- **What needs to be done**
Down to the last character, repeat the data that follows.

- **Records provided**
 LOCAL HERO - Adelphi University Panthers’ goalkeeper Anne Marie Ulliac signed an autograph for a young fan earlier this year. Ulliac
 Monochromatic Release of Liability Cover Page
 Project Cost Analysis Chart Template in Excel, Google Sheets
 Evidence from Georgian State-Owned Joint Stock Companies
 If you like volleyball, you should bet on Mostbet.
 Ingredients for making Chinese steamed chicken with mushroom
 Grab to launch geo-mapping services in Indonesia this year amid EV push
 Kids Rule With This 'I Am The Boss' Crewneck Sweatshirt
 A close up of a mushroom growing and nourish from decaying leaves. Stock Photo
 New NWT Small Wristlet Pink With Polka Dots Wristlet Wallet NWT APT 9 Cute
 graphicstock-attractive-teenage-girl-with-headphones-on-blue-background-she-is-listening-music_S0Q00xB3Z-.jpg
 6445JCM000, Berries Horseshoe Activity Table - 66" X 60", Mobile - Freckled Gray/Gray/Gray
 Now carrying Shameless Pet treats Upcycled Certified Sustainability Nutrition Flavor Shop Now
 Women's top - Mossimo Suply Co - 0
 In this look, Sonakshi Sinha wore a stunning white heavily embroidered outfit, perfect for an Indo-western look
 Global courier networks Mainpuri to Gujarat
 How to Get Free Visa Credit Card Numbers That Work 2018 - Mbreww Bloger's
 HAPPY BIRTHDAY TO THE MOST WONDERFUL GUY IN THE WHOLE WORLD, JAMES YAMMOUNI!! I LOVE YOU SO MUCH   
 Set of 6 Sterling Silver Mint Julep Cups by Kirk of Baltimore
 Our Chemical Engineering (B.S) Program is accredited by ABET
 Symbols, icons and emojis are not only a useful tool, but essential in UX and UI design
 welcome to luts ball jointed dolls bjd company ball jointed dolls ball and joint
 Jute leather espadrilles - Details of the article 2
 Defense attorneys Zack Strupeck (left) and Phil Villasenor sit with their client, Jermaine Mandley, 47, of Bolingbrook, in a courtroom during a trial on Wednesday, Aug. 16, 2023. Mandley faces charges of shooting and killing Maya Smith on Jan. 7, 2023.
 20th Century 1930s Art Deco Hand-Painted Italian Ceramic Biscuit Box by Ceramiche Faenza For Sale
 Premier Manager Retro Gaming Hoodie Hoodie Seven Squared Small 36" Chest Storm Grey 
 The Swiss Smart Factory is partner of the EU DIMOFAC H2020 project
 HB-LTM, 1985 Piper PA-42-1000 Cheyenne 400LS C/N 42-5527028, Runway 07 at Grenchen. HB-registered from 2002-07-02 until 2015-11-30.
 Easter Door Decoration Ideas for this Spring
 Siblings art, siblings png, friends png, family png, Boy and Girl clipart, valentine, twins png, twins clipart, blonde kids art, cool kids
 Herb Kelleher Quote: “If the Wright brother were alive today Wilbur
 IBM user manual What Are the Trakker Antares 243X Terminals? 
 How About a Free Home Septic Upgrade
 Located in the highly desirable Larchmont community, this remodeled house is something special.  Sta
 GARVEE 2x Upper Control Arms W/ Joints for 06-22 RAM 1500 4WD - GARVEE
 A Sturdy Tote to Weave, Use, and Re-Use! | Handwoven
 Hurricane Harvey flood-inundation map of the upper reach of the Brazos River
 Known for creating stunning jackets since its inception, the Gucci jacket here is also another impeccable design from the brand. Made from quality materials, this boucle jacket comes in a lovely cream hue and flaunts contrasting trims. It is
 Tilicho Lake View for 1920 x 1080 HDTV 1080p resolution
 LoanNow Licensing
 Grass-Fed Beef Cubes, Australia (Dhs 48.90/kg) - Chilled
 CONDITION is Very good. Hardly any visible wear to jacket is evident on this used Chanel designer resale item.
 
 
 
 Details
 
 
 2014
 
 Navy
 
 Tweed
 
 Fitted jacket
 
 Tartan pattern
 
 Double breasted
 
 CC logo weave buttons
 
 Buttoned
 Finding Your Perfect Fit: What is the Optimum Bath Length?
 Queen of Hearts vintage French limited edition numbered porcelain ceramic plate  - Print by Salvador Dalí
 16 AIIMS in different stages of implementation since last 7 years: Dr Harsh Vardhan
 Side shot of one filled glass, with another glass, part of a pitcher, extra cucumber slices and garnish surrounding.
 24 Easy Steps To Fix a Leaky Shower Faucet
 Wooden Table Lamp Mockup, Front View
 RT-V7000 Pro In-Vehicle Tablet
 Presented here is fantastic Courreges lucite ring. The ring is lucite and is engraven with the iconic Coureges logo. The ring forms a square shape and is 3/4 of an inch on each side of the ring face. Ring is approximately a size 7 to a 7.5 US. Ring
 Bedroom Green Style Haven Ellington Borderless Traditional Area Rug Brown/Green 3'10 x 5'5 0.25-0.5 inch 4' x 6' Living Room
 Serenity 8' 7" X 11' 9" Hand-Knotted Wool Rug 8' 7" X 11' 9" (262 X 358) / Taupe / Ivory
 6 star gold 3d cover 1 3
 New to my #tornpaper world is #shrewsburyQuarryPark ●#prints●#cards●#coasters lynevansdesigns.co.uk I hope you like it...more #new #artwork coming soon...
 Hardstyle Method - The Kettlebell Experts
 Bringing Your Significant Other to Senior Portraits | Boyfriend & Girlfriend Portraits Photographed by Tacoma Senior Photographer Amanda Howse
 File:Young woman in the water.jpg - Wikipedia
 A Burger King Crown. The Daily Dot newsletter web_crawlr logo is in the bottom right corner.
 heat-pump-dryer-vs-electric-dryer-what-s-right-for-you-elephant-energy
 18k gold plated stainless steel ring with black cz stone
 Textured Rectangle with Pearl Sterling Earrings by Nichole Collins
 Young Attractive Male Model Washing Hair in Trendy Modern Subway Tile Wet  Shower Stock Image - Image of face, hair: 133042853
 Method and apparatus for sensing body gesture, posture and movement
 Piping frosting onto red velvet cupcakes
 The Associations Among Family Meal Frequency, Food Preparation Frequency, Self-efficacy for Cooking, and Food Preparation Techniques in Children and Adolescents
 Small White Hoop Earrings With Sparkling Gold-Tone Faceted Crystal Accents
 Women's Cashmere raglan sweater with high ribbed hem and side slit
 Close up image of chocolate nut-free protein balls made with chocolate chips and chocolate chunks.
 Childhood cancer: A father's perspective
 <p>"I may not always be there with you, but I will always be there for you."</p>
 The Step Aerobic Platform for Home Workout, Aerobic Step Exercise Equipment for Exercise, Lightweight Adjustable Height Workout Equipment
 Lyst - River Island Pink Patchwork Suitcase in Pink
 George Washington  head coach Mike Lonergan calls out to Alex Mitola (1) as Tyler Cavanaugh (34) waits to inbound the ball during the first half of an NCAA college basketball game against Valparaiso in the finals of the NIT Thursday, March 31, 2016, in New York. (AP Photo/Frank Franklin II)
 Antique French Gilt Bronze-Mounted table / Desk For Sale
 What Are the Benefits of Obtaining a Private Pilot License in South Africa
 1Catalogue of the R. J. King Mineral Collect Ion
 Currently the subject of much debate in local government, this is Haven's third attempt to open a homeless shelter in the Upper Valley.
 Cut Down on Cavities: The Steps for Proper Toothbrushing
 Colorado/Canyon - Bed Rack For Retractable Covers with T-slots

- **Written answer**
 LOCAL HERO - Adelphi University Panthers’ goalkeeper Anne Marie Ulliac signed an autograph for a young fan earlier this year. Ulliac
 Monochromatic Release of Liability Cover Page
 Project Cost Analysis Chart Template in Excel, Google Sheets
 Evidence from Georgian State-Owned Joint Stock Companies
 If you like volleyball, you should bet on Mostbet.
 Ingredients for making Chinese steamed chicken with mushroom
 Grab to launch geo-mapping services in Indonesia this year amid EV push
 Kids Rule With This 'I Am The Boss' Crewneck Sweatshirt
 A close up of a mushroom growing and nourish from decaying leaves. Stock Photo
 New NWT Small Wristlet Pink With Polka Dots Wristlet Wallet NWT APT 9 Cute
 graphicstock-attractive-teenage-girl-with-headphones-on-blue-background-she-is-listening-music_S0Q00xB3Z-.jpg
 6445JCM000, Berries Horseshoe Activity Table - 66" X 60", Mobile - Freckled Gray/Gray/Gray
 Now carrying Shameless Pet treats Upcycled Certified Sustainability Nutrition Flavor Shop Now
 Women's top - Mossimo Suply Co - 0
 In this look, Sonakshi Sinha wore a stunning white heavily embroidered outfit, perfect for an Indo-western look
 Global courier networks Mainpuri to Gujarat
 How to Get Free Visa Credit Card Numbers That Work 2018 - Mbreww Bloger's
 HAPPY BIRTHDAY TO THE MOST WONDERFUL GUY IN THE WHOLE WORLD, JAMES YAMMOUNI!! I LOVE YOU SO MUCH   
 Set of 6 Sterling Silver Mint Julep Cups by Kirk of Baltimore
 Our Chemical Engineering (B.S) Program is accredited by ABET
 Symbols, icons and emojis are not only a useful tool, but essential in UX and UI design
 welcome to luts ball jointed dolls bjd company ball jointed dolls ball and joint
 Jute leather espadrilles - Details of the article 2
 Defense attorneys Zack Strupeck (left) and Phil Villasenor sit with their client, Jermaine Mandley, 47, of Bolingbrook, in a courtroom during a trial on Wednesday, Aug. 16, 2023. Mandley faces charges of shooting and killing Maya Smith on Jan. 7, 2023.
 20th Century 1930s Art Deco Hand-Painted Italian Ceramic Biscuit Box by Ceramiche Faenza For Sale
 Premier Manager Retro Gaming Hoodie Hoodie Seven Squared Small 36" Chest Storm Grey 
 The Swiss Smart Factory is partner of the EU DIMOFAC H2020 project
 HB-LTM, 1985 Piper PA-42-1000 Cheyenne 400LS C/N 42-5527028, Runway 07 at Grenchen. HB-registered from 2002-07-02 until 2015-11-30.
 Easter Door Decoration Ideas for this Spring
 Siblings art, siblings png, friends png, family png, Boy and Girl clipart, valentine, twins png, twins clipart, blonde kids art, cool kids
 Herb Kelleher Quote: “If the Wright brother were alive today Wilbur
 IBM user manual What Are the Trakker Antares 243X Terminals? 
 How About a Free Home Septic Upgrade
 Located in the highly desirable Larchmont community, this remodeled house is something special.  Sta
 GARVEE 2x Upper Control Arms W/ Joints for 06-22 RAM 1500 4WD - GARVEE
 A Sturdy Tote to Weave, Use, and Re-Use! | Handwoven
 Hurricane Harvey flood-inundation map of the upper reach of the Brazos River
 Known for creating stunning jackets since its inception, the Gucci jacket here is also another impeccable design from the brand. Made from quality materials, this boucle jacket comes in a lovely cream hue and flaunts contrasting trims. It is
 Tilicho Lake View for 1920 x 1080 HDTV 1080p resolution
 LoanNow Licensing
 Grass-Fed Beef Cubes, Australia (Dhs 48.90/kg) - Chilled
 CONDITION is Very good. Hardly any visible wear to jacket is evident on this used Chanel designer resale item.
 
 
 
 Details
 
 
 2014
 
 Navy
 
 Tweed
 
 Fitted jacket
 
 Tartan pattern
 
 Double breasted
 
 CC logo weave buttons
 
 Buttoned
 Finding Your Perfect Fit: What is the Optimum Bath Length?
 Queen of Hearts vintage French limited edition numbered porcelain ceramic plate  - Print by Salvador Dalí
 16 AIIMS in different stages of implementation since last 7 years: Dr Harsh Vardhan
 Side shot of one filled glass, with another glass, part of a pitcher, extra cucumber slices and garnish surrounding.
 24 Easy Steps To Fix a Leaky Shower Faucet
 Wooden Table Lamp Mockup, Front View
 RT-V7000 Pro In-Vehicle Tablet
 Presented here is fantastic Courreges lucite ring. The ring is lucite and is engraven with the iconic Coureges logo. The ring forms a square shape and is 3/4 of an inch on each side of the ring face. Ring is approximately a size 7 to a 7.5 US. Ring
 Bedroom Green Style Haven Ellington Borderless Traditional Area Rug Brown/Green 3'10 x 5'5 0.25-0.5 inch 4' x 6' Living Room
 Serenity 8' 7" X 11' 9" Hand-Knotted Wool Rug 8' 7" X 11' 9" (262 X 358) / Taupe / Ivory
 6 star gold 3d cover 1 3
 New to my #tornpaper world is #shrewsburyQuarryPark ●#prints●#cards●#coasters lynevansdesigns.co.uk I hope you like it...more #new #artwork coming soon...
 Hardstyle Method - The Kettlebell Experts
 Bringing Your Significant Other to Senior Portraits | Boyfriend & Girlfriend Portraits Photographed by Tacoma Senior Photographer Amanda Howse
 File:Young woman in the water.jpg - Wikipedia
 A Burger King Crown. The Daily Dot newsletter web_crawlr logo is in the bottom right corner.
 heat-pump-dryer-vs-electric-dryer-what-s-right-for-you-elephant-energy
 18k gold plated stainless steel ring with black cz stone
 Textured Rectangle with Pearl Sterling Earrings by Nichole Collins
 Young Attractive Male Model Washing Hair in Trendy Modern Subway Tile Wet  Shower Stock Image - Image of face, hair: 133042853
 Method and apparatus for sensing body gesture, posture and movement
 Piping frosting onto red velvet cupcakes
 The Associations Among Family Meal Frequency, Food Preparation Frequency, Self-efficacy for Cooking, and Food Preparation Techniques in Children and Adolescents
 Small White Hoop Earrings With Sparkling Gold-Tone Faceted Crystal Accents
 Women's Cashmere raglan sweater with high ribbed hem and side slit
 Close up image of chocolate nut-free protein balls made with chocolate chips and chocolate chunks.
 Childhood cancer: A father's perspective
 <p>"I may not always be there with you, but I will always be there for you."</p>
 The Step Aerobic Platform for Home Workout, Aerobic Step Exercise Equipment for Exercise, Lightweight Adjustable Height Workout Equipment
 Lyst - River Island Pink Patchwork Suitcase in Pink
 George Washington  head coach Mike Lonergan calls out to Alex Mitola (1) as Tyler Cavanaugh (34) waits to inbound the ball during the first half of an NCAA college basketball game against Valparaiso in the finals of the NIT Thursday, March 31, 2016, in New York. (AP Photo/Frank Franklin II)
 Antique French Gilt Bronze-Mounted table / Desk For Sale
 What Are the Benefits of Obtaining a Private Pilot License in South Africa
 1Catalogue of the R. J. King Mineral Collect Ion
 Currently the subject of much debate in local government, this is Haven's third attempt to open a homeless shelter in the Upper Valley.
 Cut Down on Cavities: The Steps for Proper Toothbrushing
 Colorado/Canyon - Bed Rack For Retractable Covers with T-slots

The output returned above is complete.